Here is the task for the listing below: output exactly the lines from the one containing "separation shoes a014e" through the one containing "Desk/ vanity", and leave out the pictures.

------ RECORDS SUPPLIED

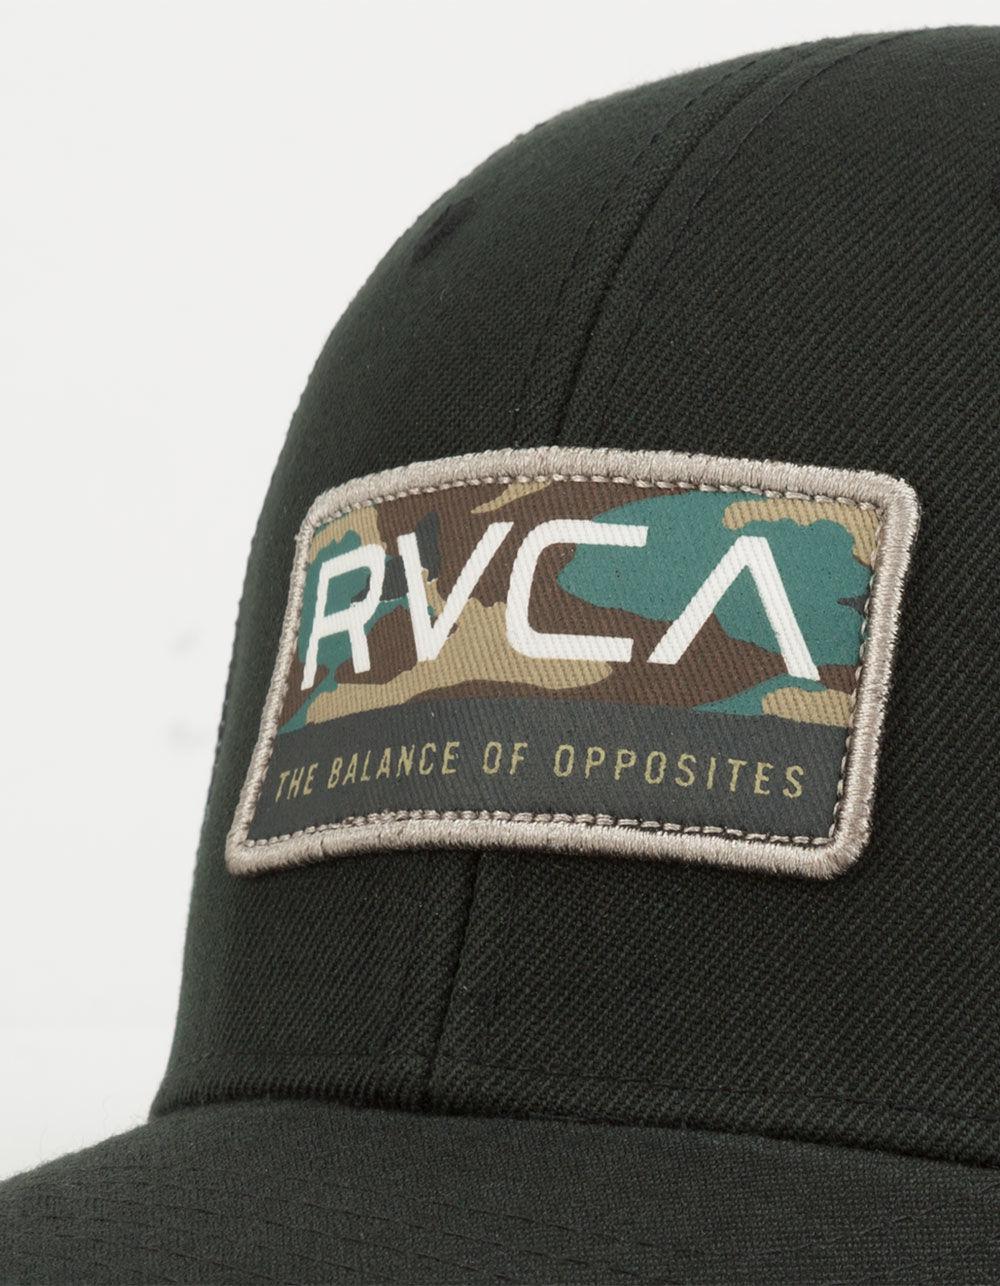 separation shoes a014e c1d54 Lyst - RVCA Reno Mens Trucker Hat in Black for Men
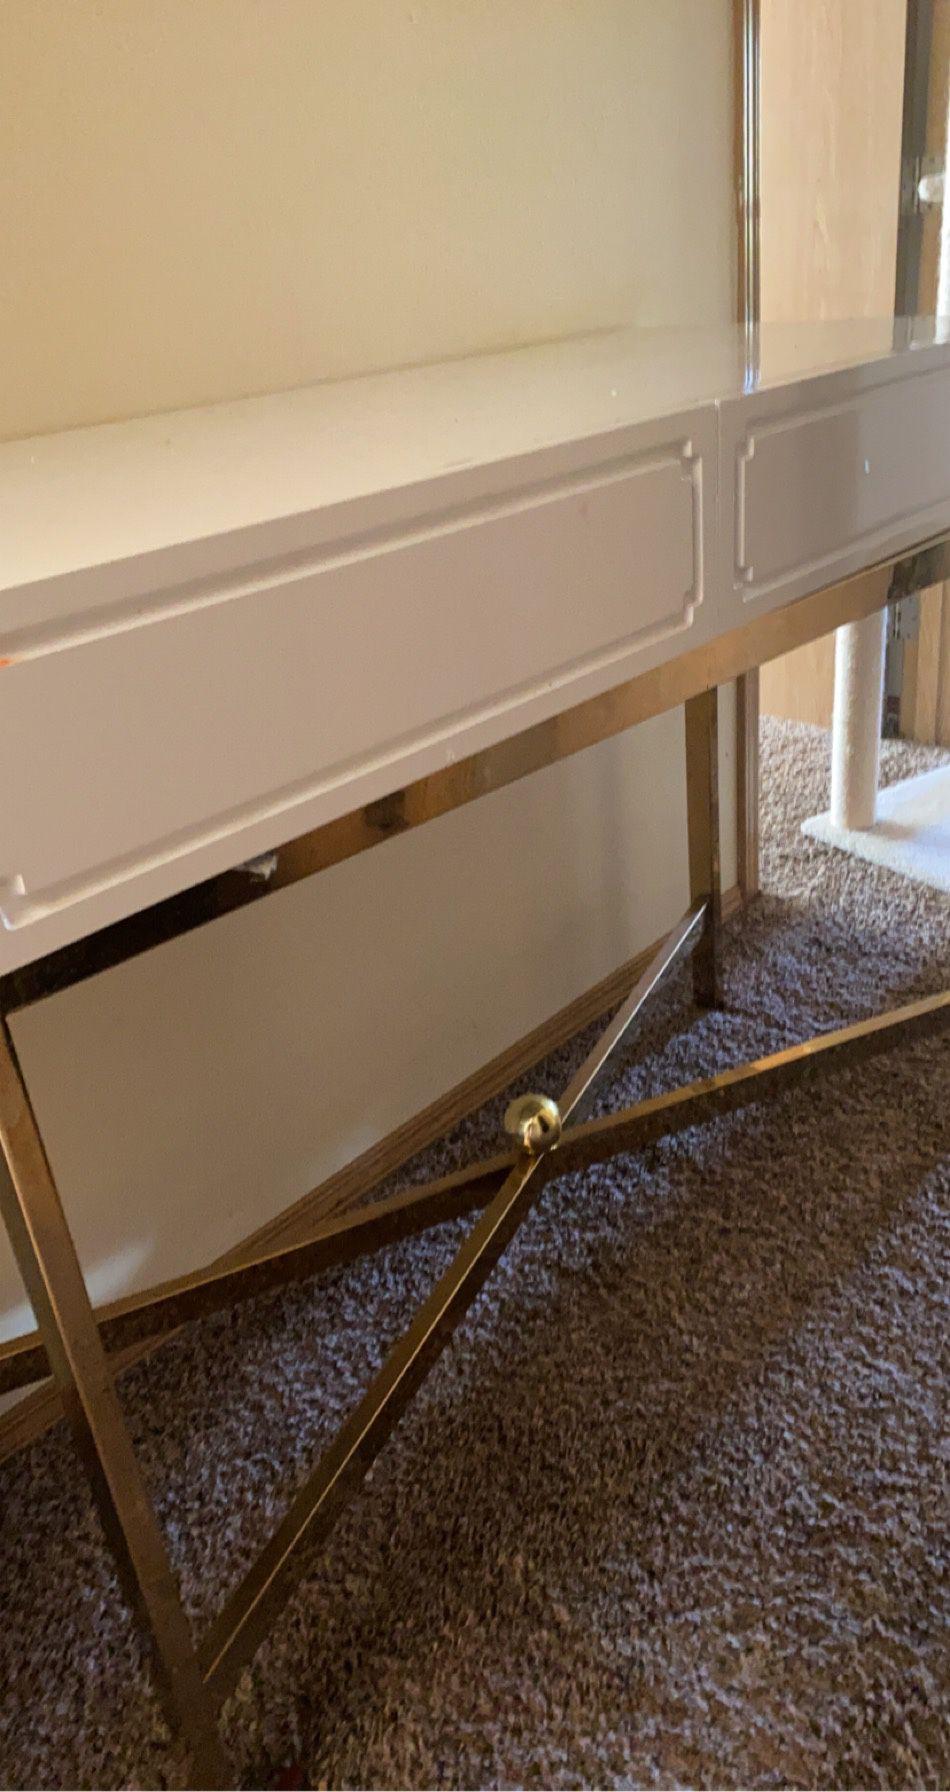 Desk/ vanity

------------
------ RECORDS SUPPLIED

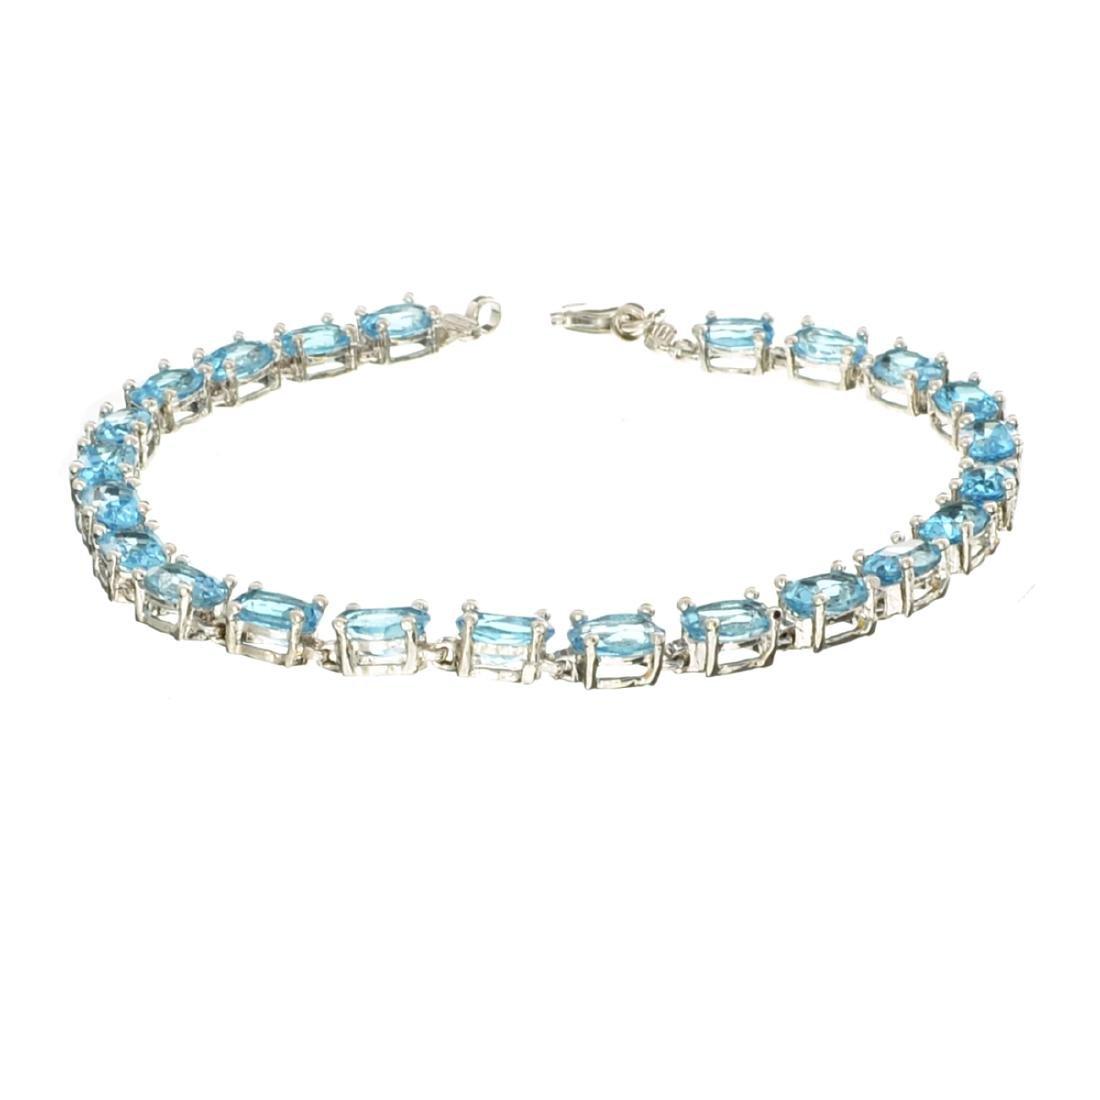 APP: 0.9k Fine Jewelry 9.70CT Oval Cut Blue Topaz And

------------

WRITTEN SOLUTION ::
 separation shoes a014e c1d54 Lyst - RVCA Reno Mens Trucker Hat in Black for Men
 Desk/ vanity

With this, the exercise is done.